Tom Flynn tracks policy related to conservation and recreation for the Outdoor Alliance. Most Fridays, he summarizes the week’s top outdoor policy related headlines. With questions, news tips and angry hate mail, email him at tom [at] outdooralliance [dot] net.
Paddlers Plead for Access in National Parks
Did you know that paddling is not allowed on the rivers in Grand Teton and Yellowstone National Parks? You would be right to think this sounds a little ridiculous, considering you can land planes, drive RVs and ride snowmachines in parts of the Parks. Even though all that’s allowed, boating is forbidden on all Park rivers except one section of the Snake and the Lewis River Channel. This week, the American Packrafting Association asked the Park Service to rethink the ban and give boaters access. Though unique, the ban is not new.
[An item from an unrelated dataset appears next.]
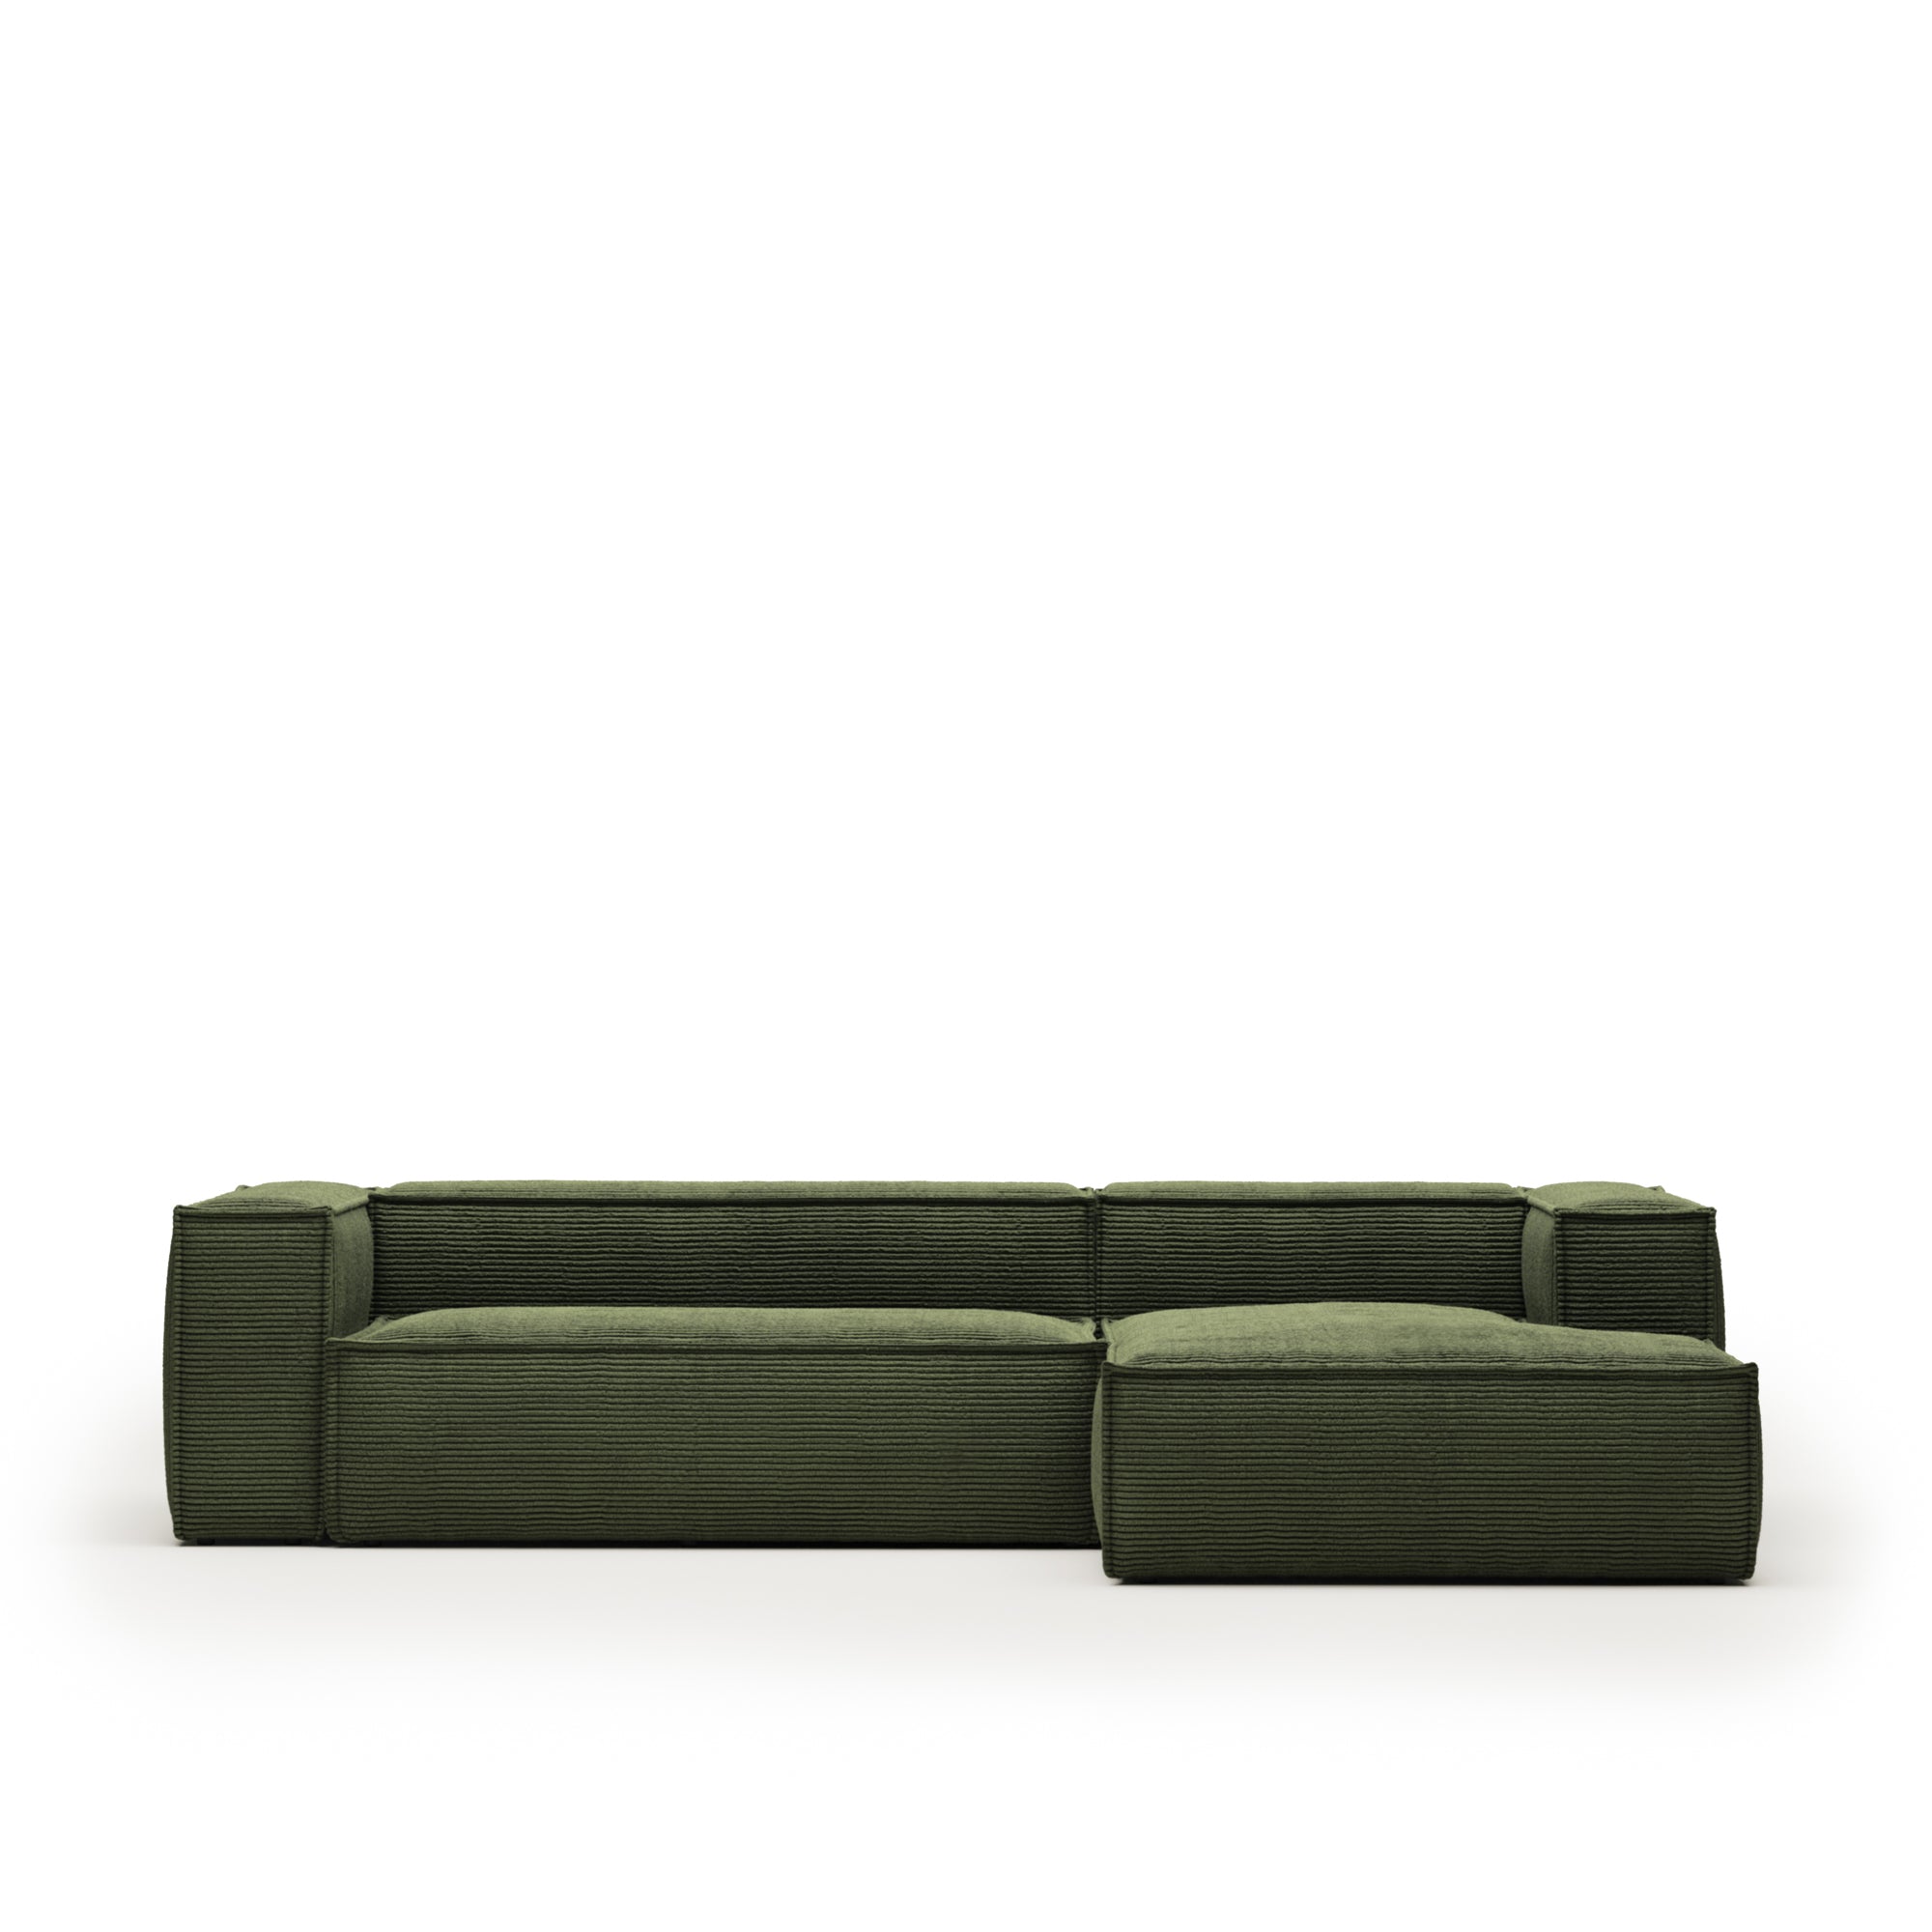 Blok 3 seater sofa with right side chaise longue in green wide seam corduroy, 300 cm

It all started in Yellowstone in the 50s, in an effort to protect the fishing. Since then, the prohibitive policy has been blindly passed down, with minimal and flawed studies of the justification for it. The Park Service has a tough job balancing access for people and protection for stream environments. Boaters acknowledge this, and there are processes already in place to monitor and limit impacts. But to double down on a policy with little to no factual basis makes it seem like the agency is just saying “No” because it is easier that doing their due diligence. It is especially hard to understand their stance when they claim that boating has a greater impact that off trail hiking. If you’ve ever seen a packraft, they weigh about 10 pounds and deflate to fit in a backpack – hardy a weapon for mass river destruction. What’s called for is a real, scientific assessment of the impacts of boating. With many of these rivers recently designated Wild and Scenic, now is the time to reconsider the boating ban.
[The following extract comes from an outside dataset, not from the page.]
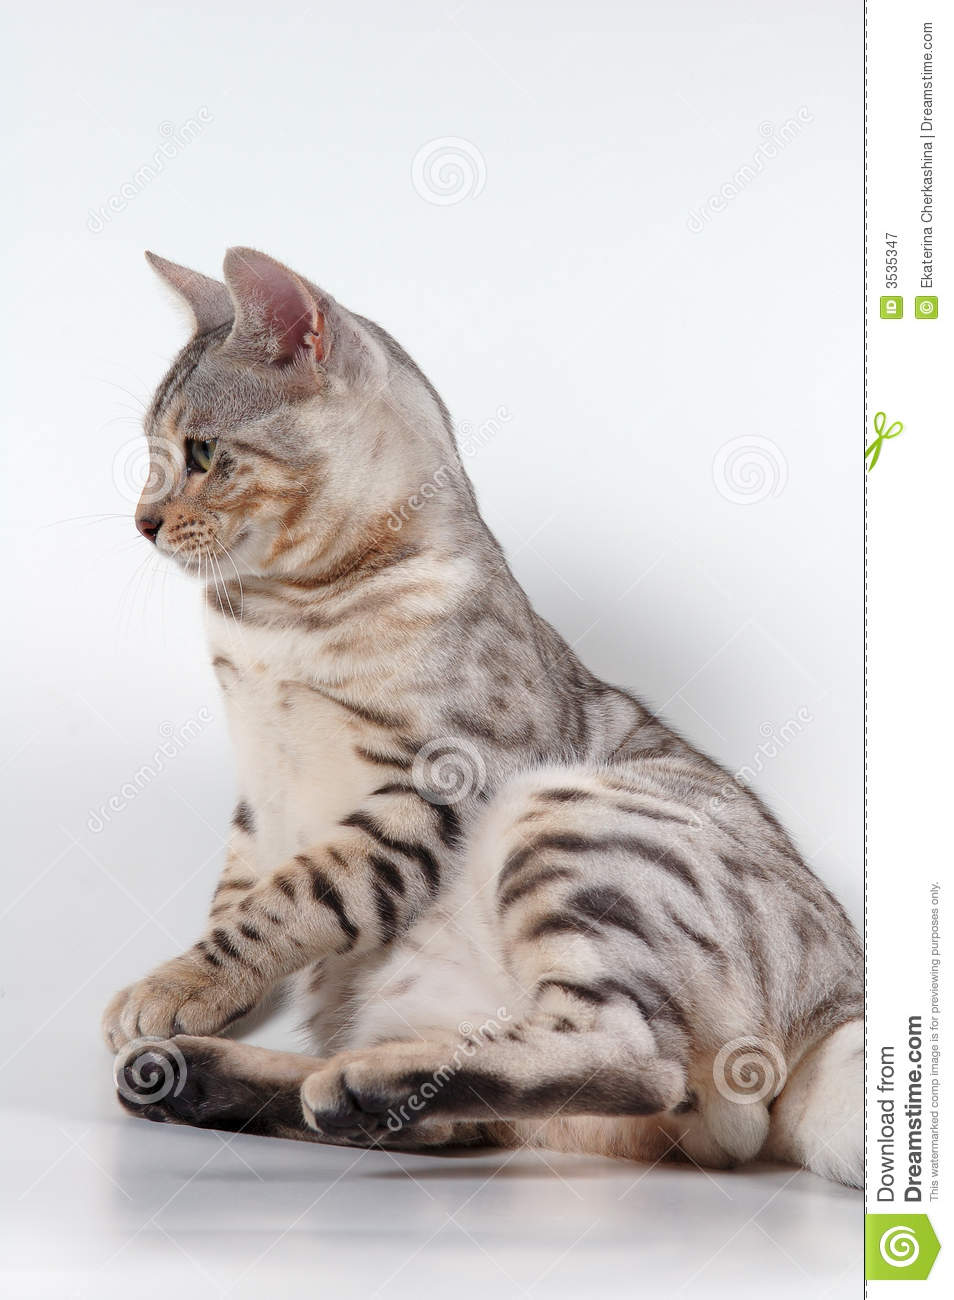 Spotted Cat Of Bengals Breed

Forest Service Approves New Mountain Bike Trails in Sun Valley
Also this week, some better outdoor policy news. The Forest Service in Sun Valley, Idaho approved the construction of 11 miles of new mountain bike trails. The new singletrack will connect with existing trails, all within the Sun Valley ski area boundary. The trails will be designed as flow trails, with all the buttery smooth rolls and berms that make them a tasty part of a balanced singletrack diet. But perhaps more significant than the addition of new trails is the Forest Service’s thinking behind it. In the announcement about the decision, the District Ranger said that “concentrating new “flow” trail construction within an existing ski area makes both economic and environmental sense.” Now that’s the right attitude. While over on Mt. Hood some are suing the Forest Service over new trail construction at the ski area, it’s good news to see the agency make the right call, for the right reasons.